Antibodies (Basel). 2022 Oct 24; 11(4):NA.

PubMed ID: 36412833

Rational design and in vivo characterization of mRNA-encoded broadly neutralizing antibody combinations against HIV-1

Narayanan E, Falcone S, Elbashir SM, Attarwala H, Hassett K, Seaman MS, Carfi A, Himansu S

Monoclonal antibodies have been used successfully as recombinant protein therapy; however, for HIV, multiple broadly neutralizing antibodies may be necessary. We used the mRNA-LNP platform for in vivo co-expression of 3 broadly neutralizing antibodies, PGDM1400, PGT121, and N6, directed against the HIV-1 envelope protein. mRNA-encoded HIV-1 antibodies were engineered as single-chain Fc (scFv-Fc) to overcome heavy- and light-chain mismatch. In vitro neutralization breadth and potency of the constructs were compared to their parental IgG form. We assessed the ability of these scFv-Fcs to be expressed individually and in combination in vivo, and neutralization and pharmacokinetics were compared to the corresponding full-length IgGs.
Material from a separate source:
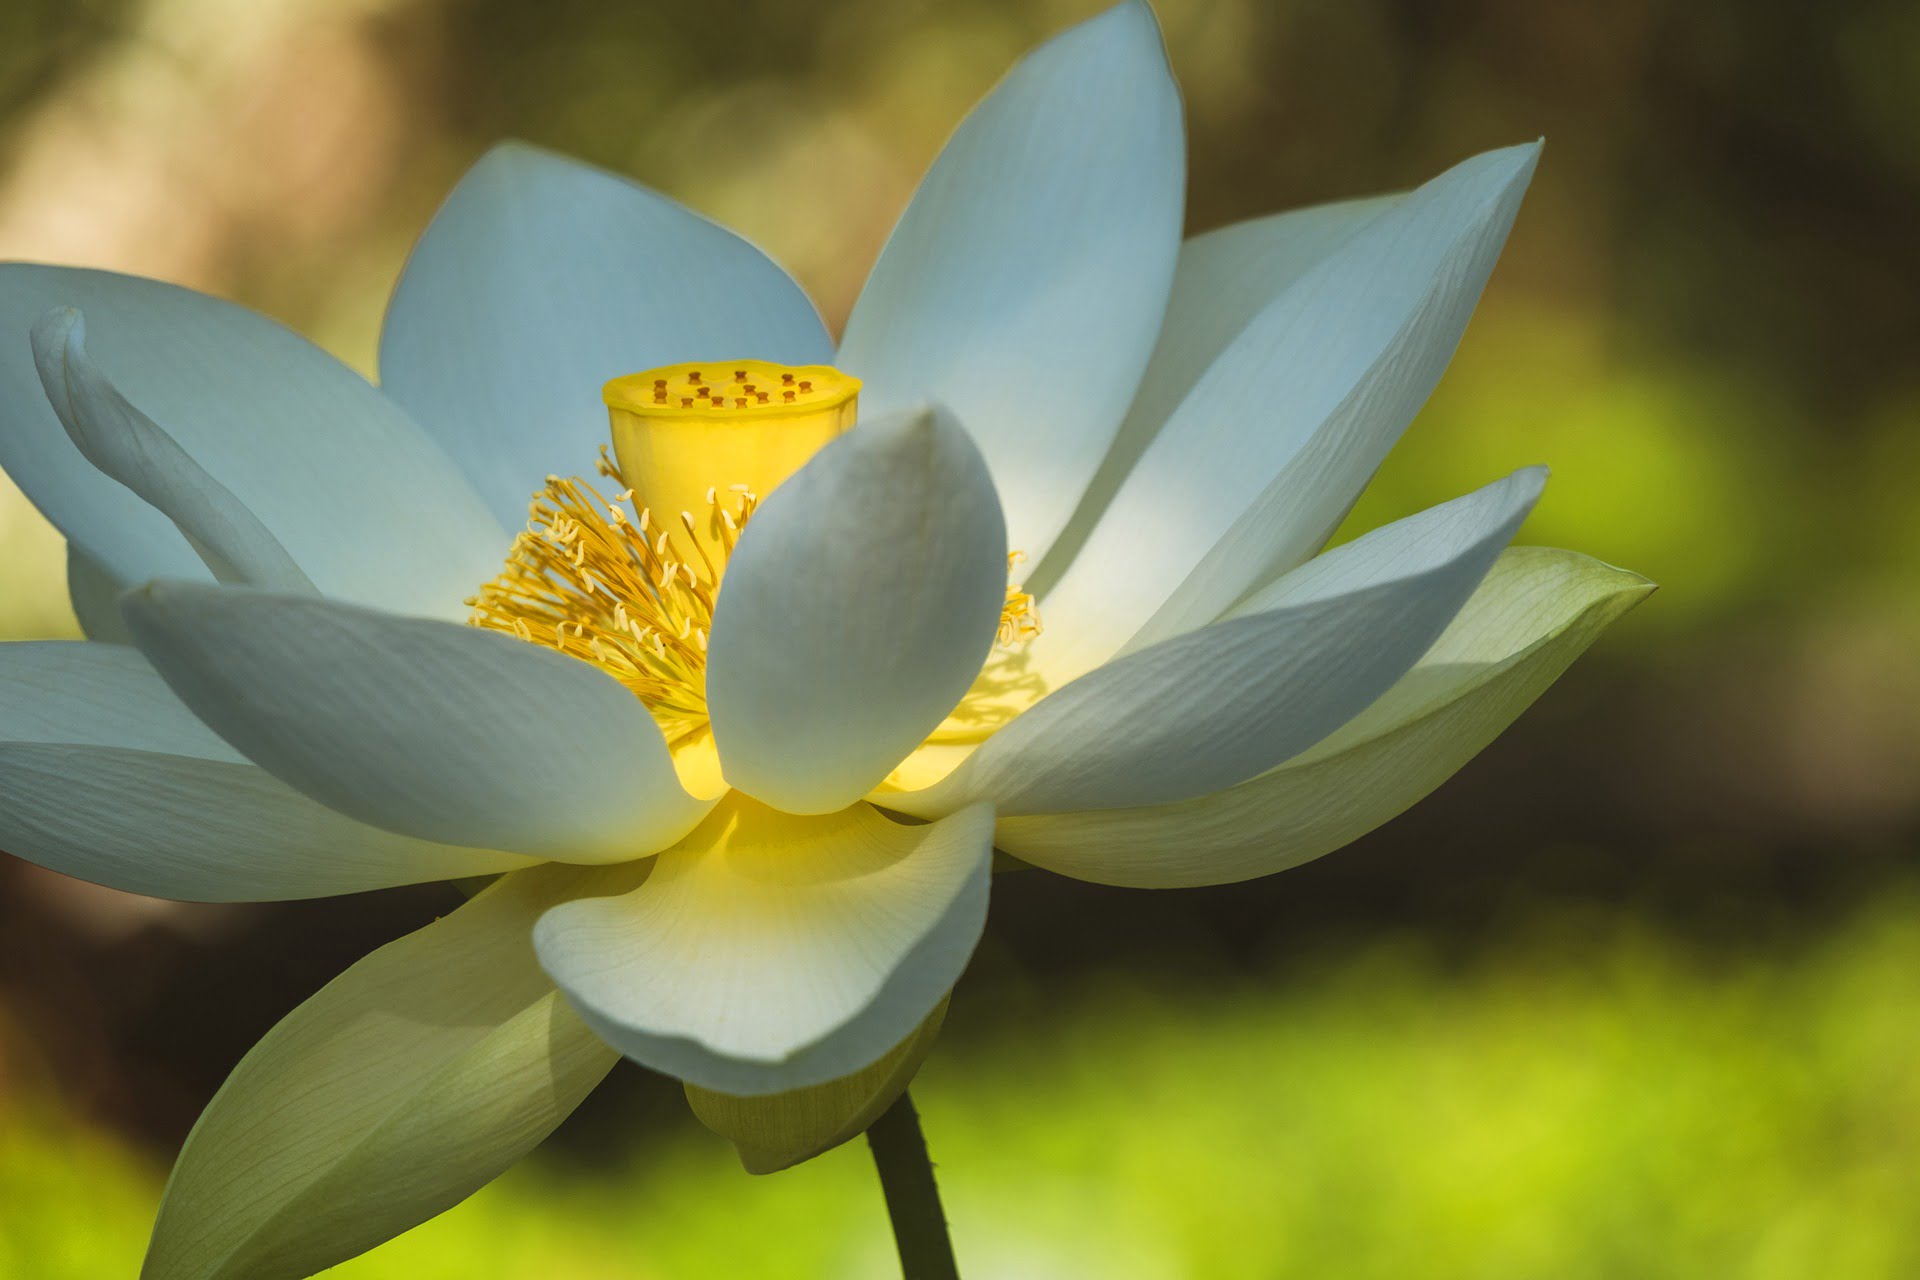 Flor de loto blanca

Single-chain PGDM1400 and PGT121 exhibited neutralization potency comparable to parental IgG, achieving peak systemic concentrations ≥ 30.81 μg/mL in mice; full-length N6 IgG achieved a peak concentration of 974 μg/mL, but did not tolerate single-chain conversion. The mRNA combination encoding full-length N6 IgG and single-chain PGDM1400 and PGT121 was efficiently expressed in mice, achieving high systemic concentration and desired neutralization potency. Analysis of mice sera demonstrated each antibody contributed towards neutralization of multiple HIV-1 pseudoviruses. Together, these data show that the mRNA-LNP platform provides a promising approach for antibody-based HIV treatment and is well-suited for development of combination therapeutics.